[What is being asked]: There are pictures in the records below; leave them out and set down exactly the lines from the one holding "AZRI ONLINE SHOPPING" through the one holding "Community Events & Activities".

[Data provided]:
..........

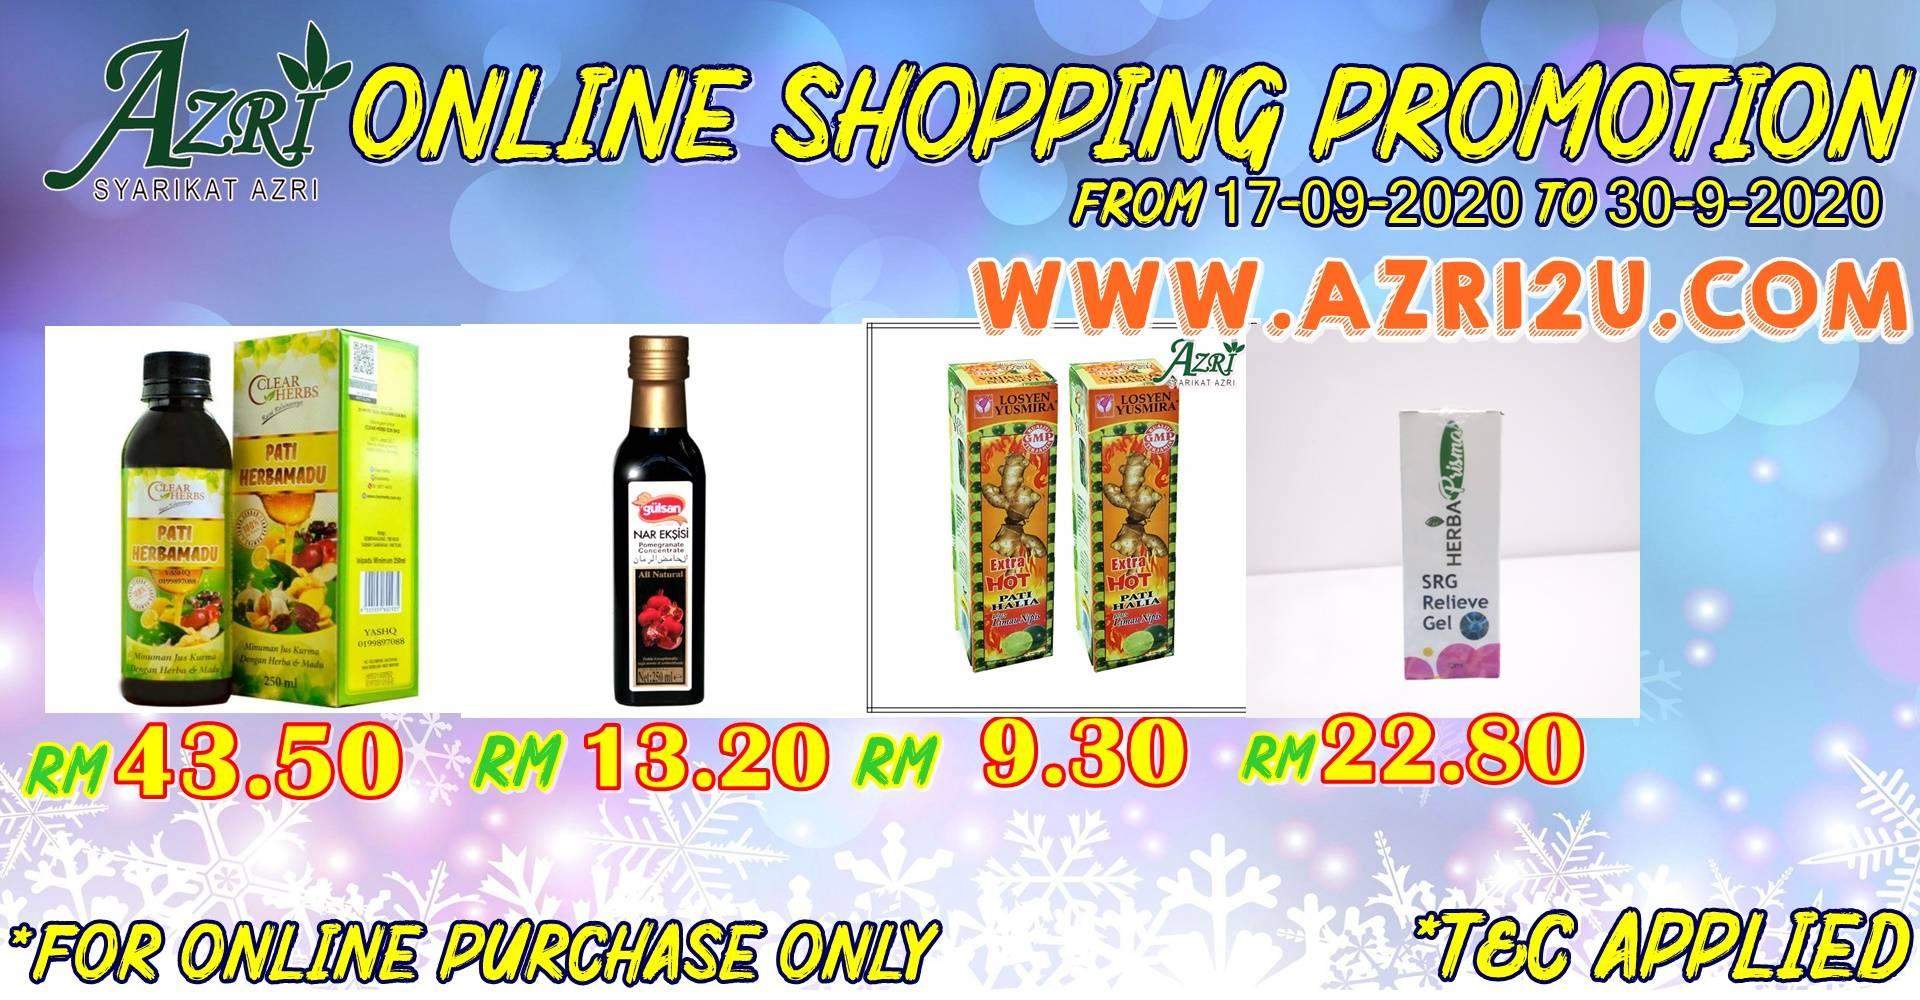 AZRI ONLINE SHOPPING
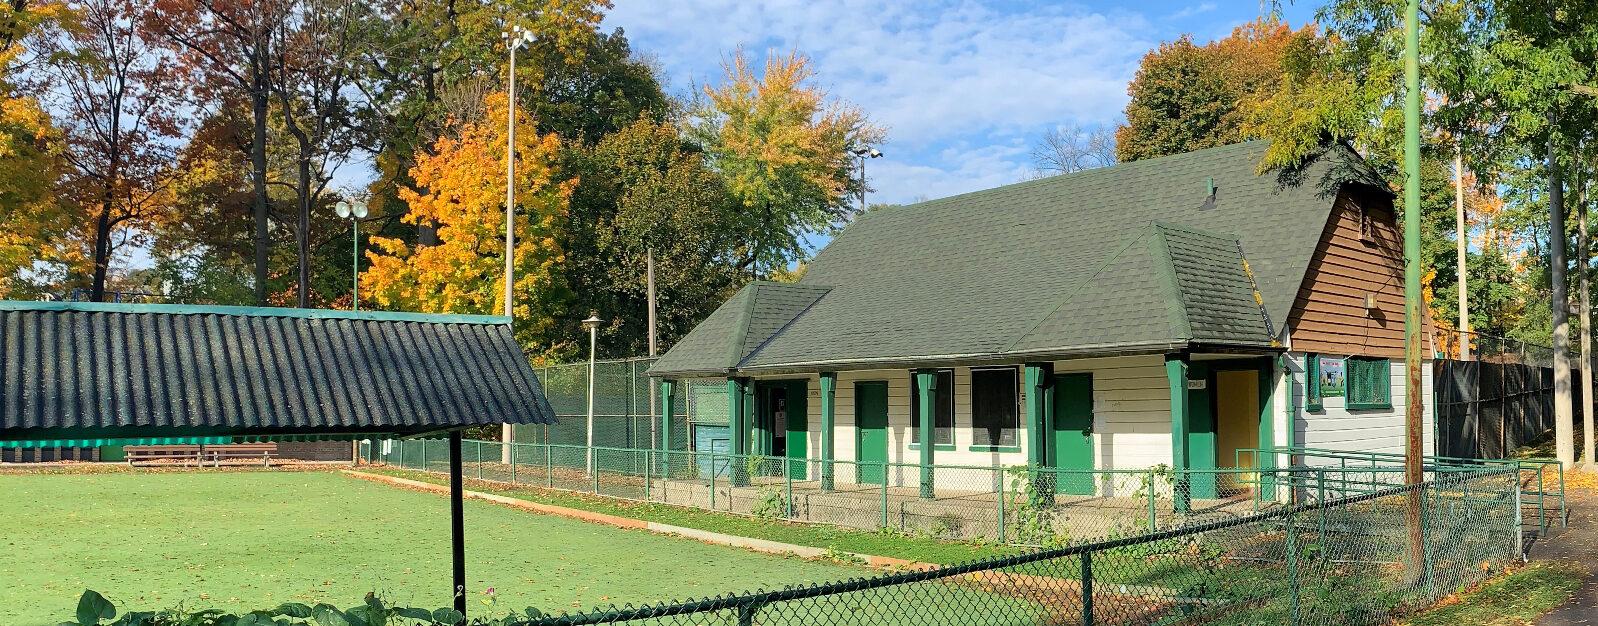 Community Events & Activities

..........

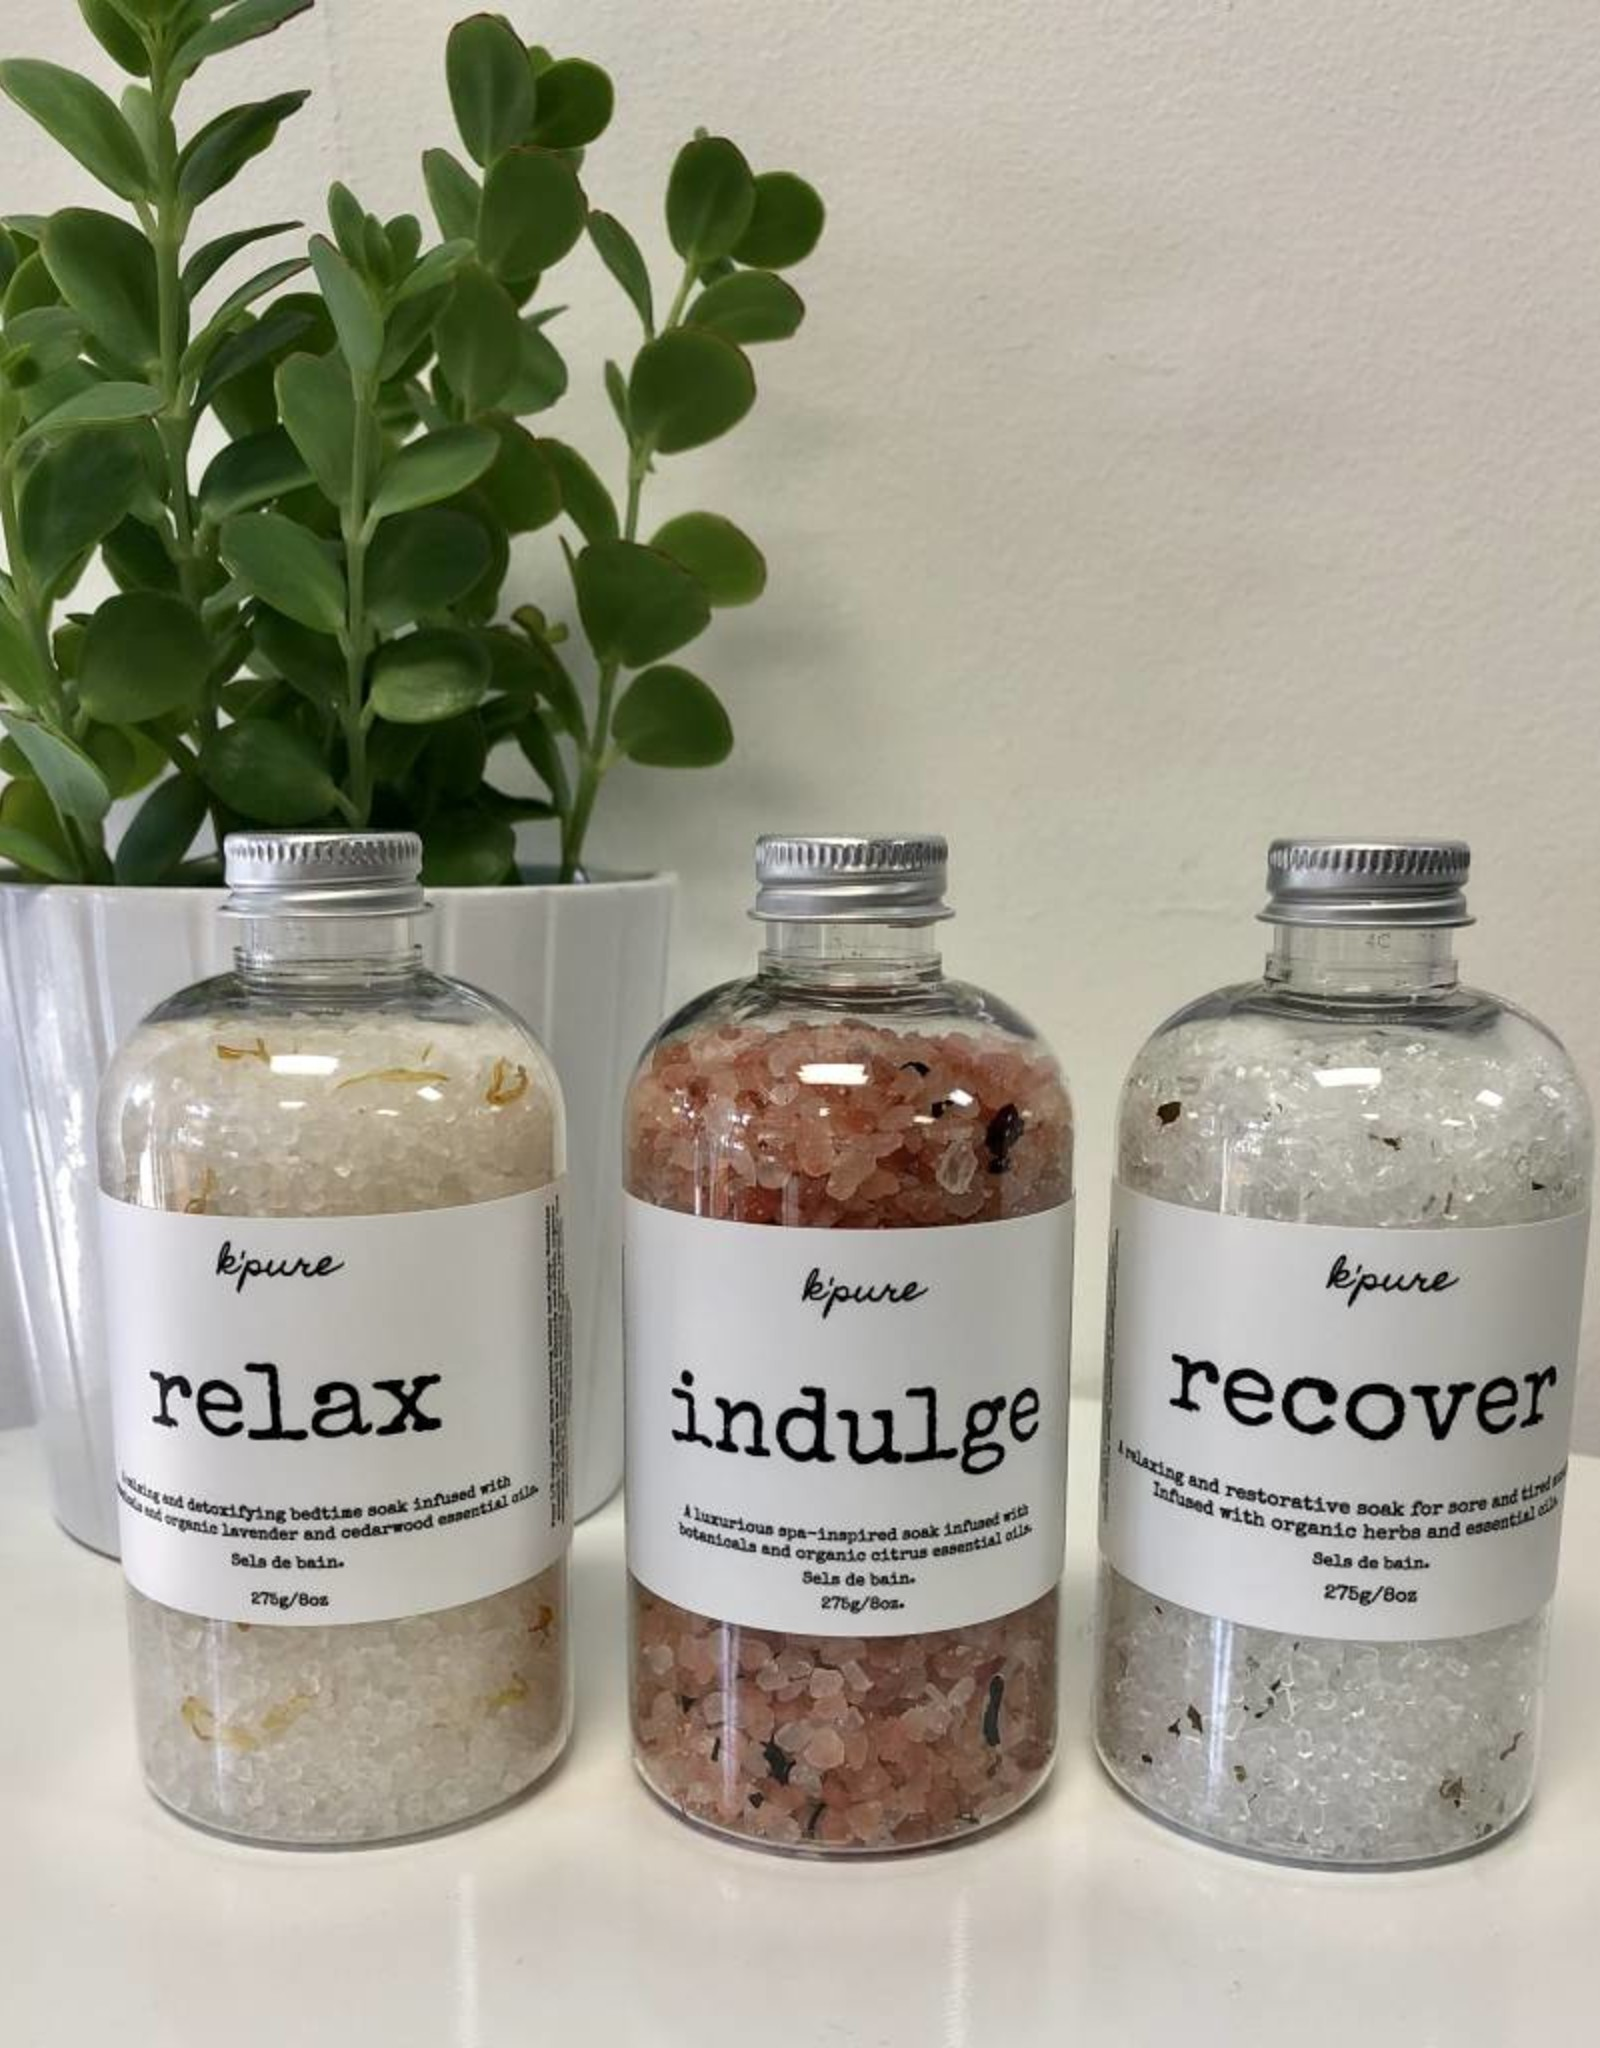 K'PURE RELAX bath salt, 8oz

..........

[Exercise answer]:
 AZRI ONLINE SHOPPING
 Community Events & Activities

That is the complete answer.